=== Section Start ===

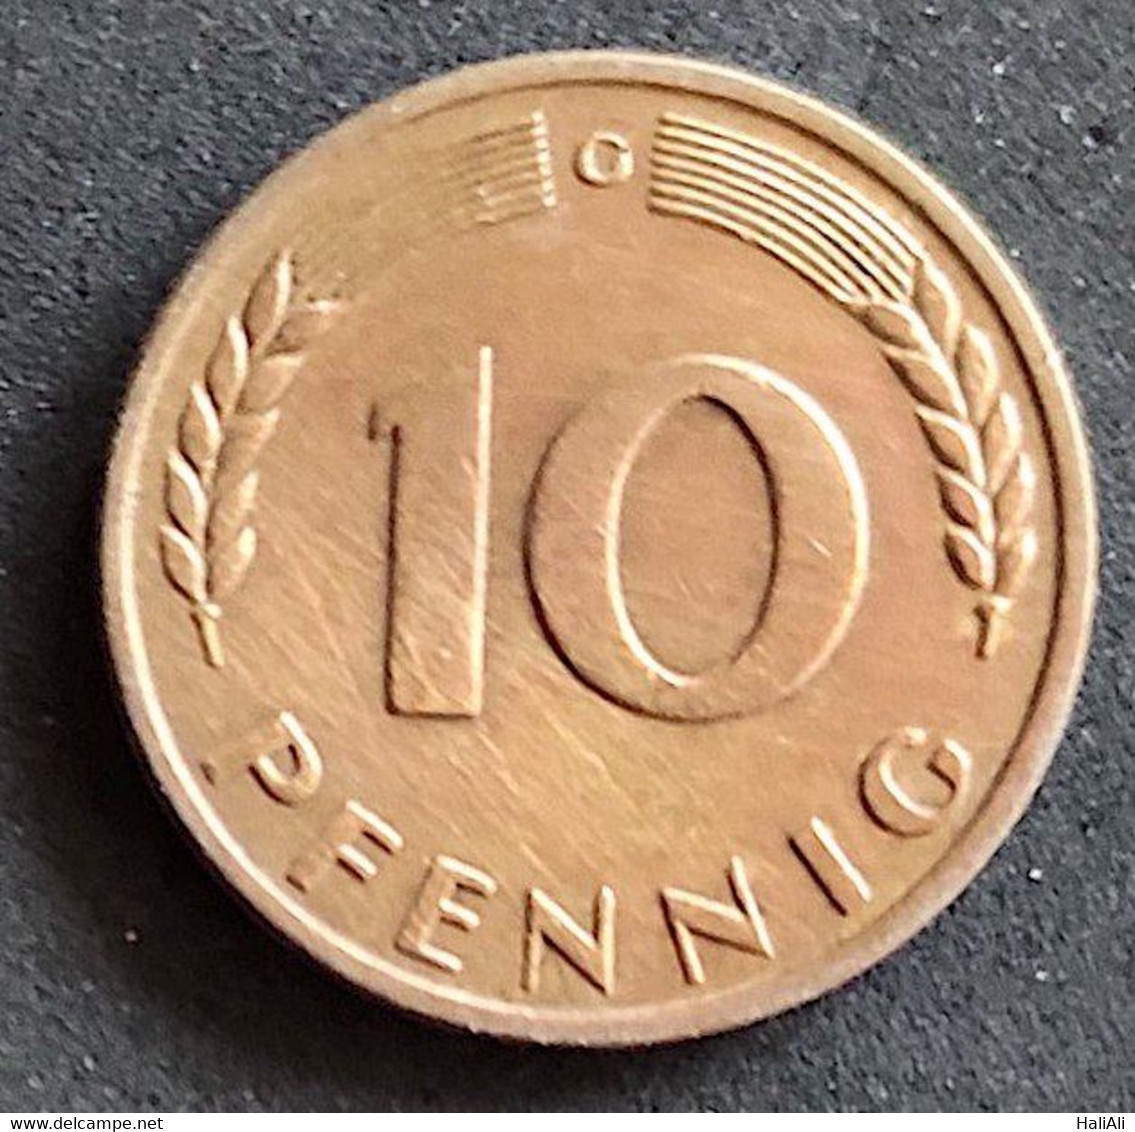 Coin Germany Moeda Alemanha 1950 10 Pfennig G 1 - 10 Pfennig
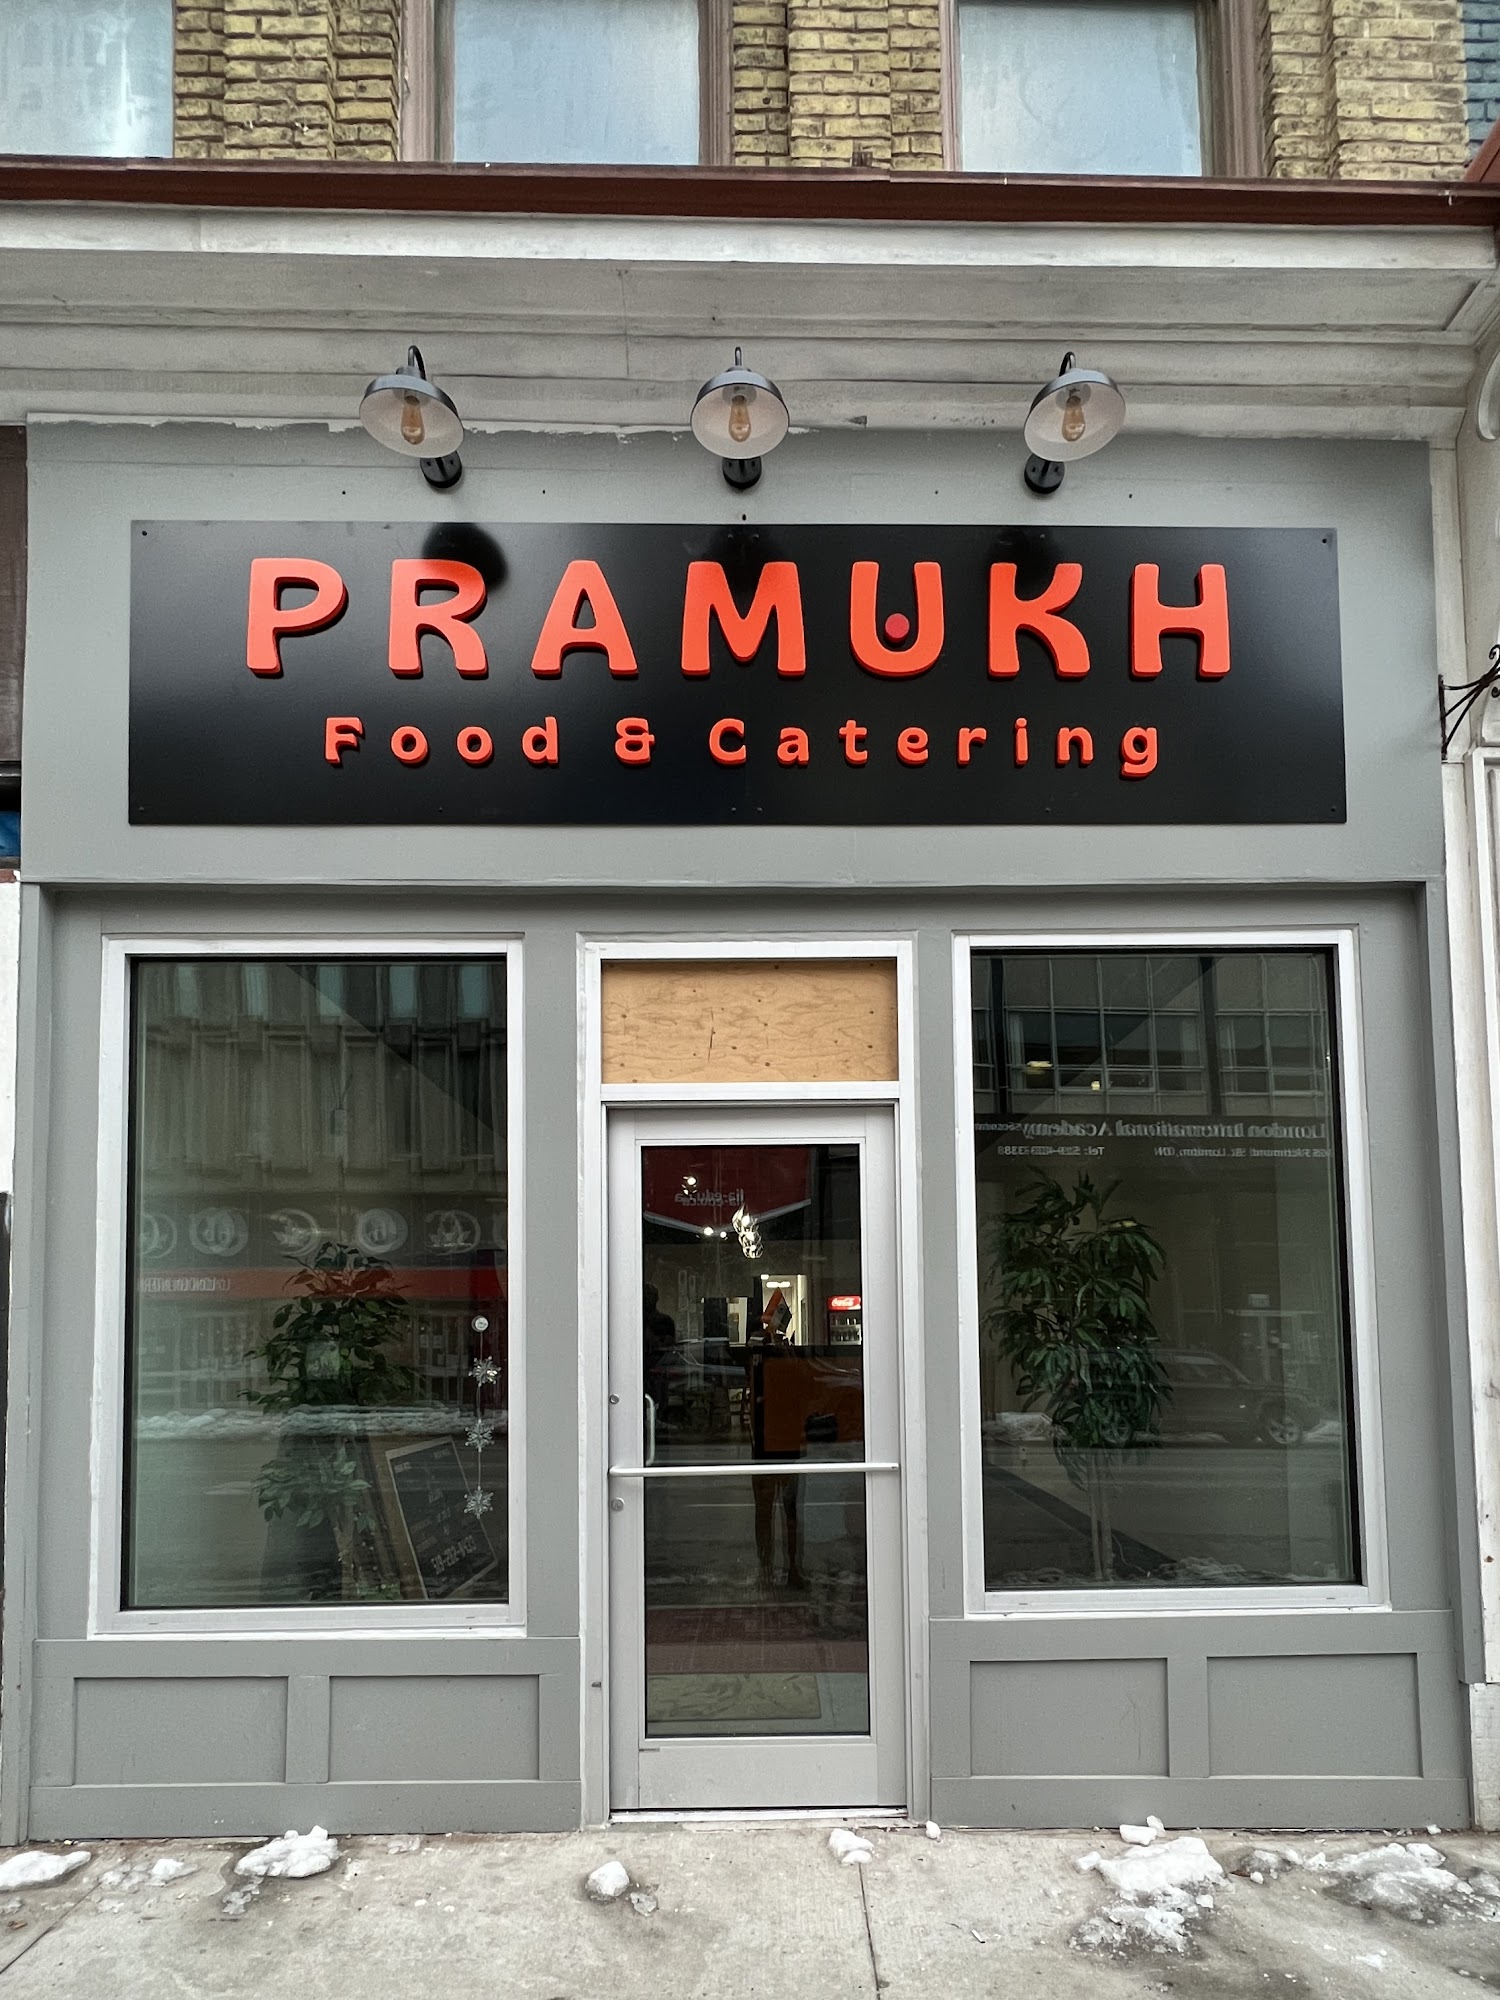 Pramukh Food & Catering
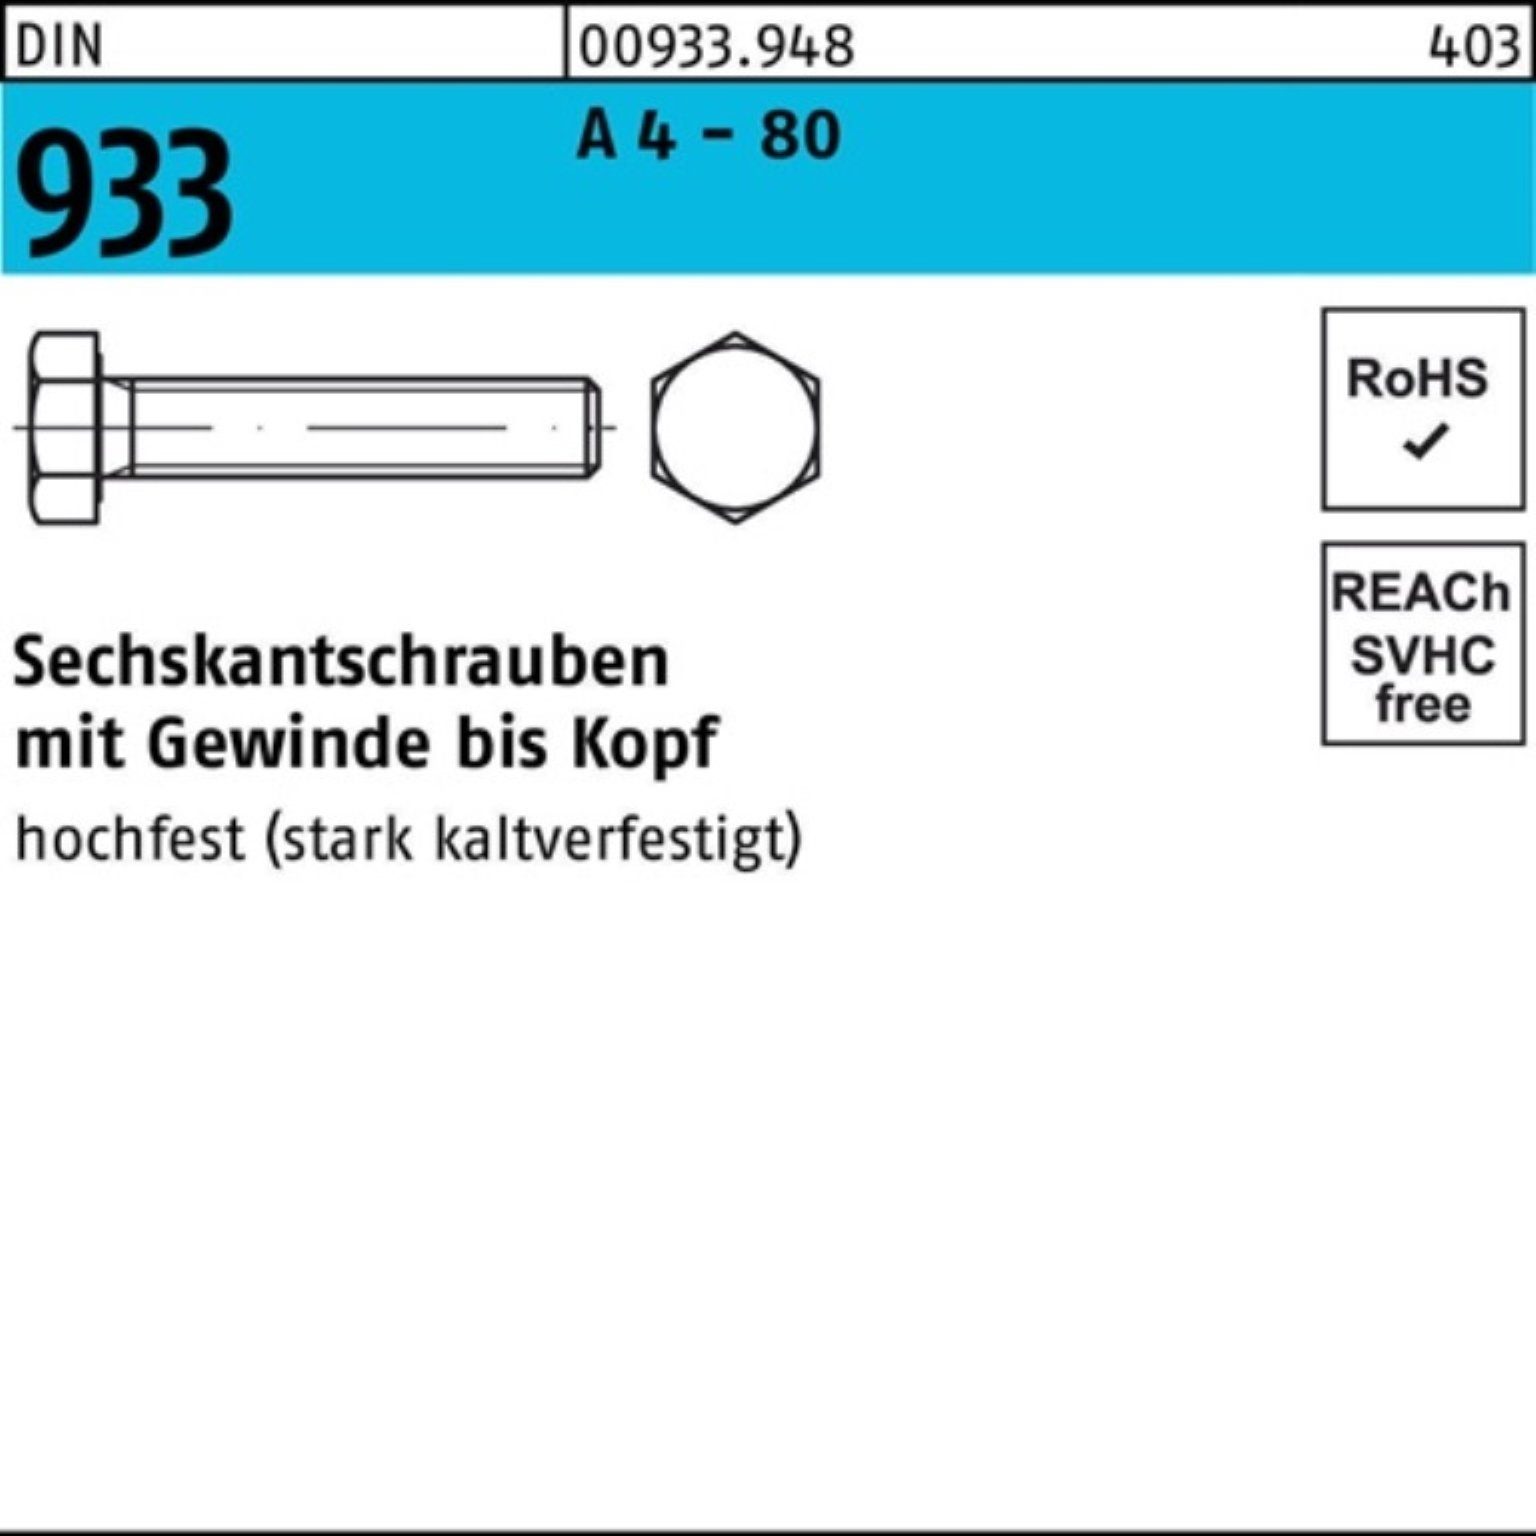 Reyher Sechskantschraube 100er Pack Sechskantschraube DIN 933 VG M12x 160 A 4 - 80 1 Stück DIN

=== Section End ===

* Assigned task: Repeat the data above word for word, without pictures.

* Task result:
 Coin Germany Moeda Alemanha 1950 10 Pfennig G 1 - 10 Pfennig
 Pramukh Food & Catering
 Reyher Sechskantschraube 100er Pack Sechskantschraube DIN 933 VG M12x 160 A 4 - 80 1 Stück DIN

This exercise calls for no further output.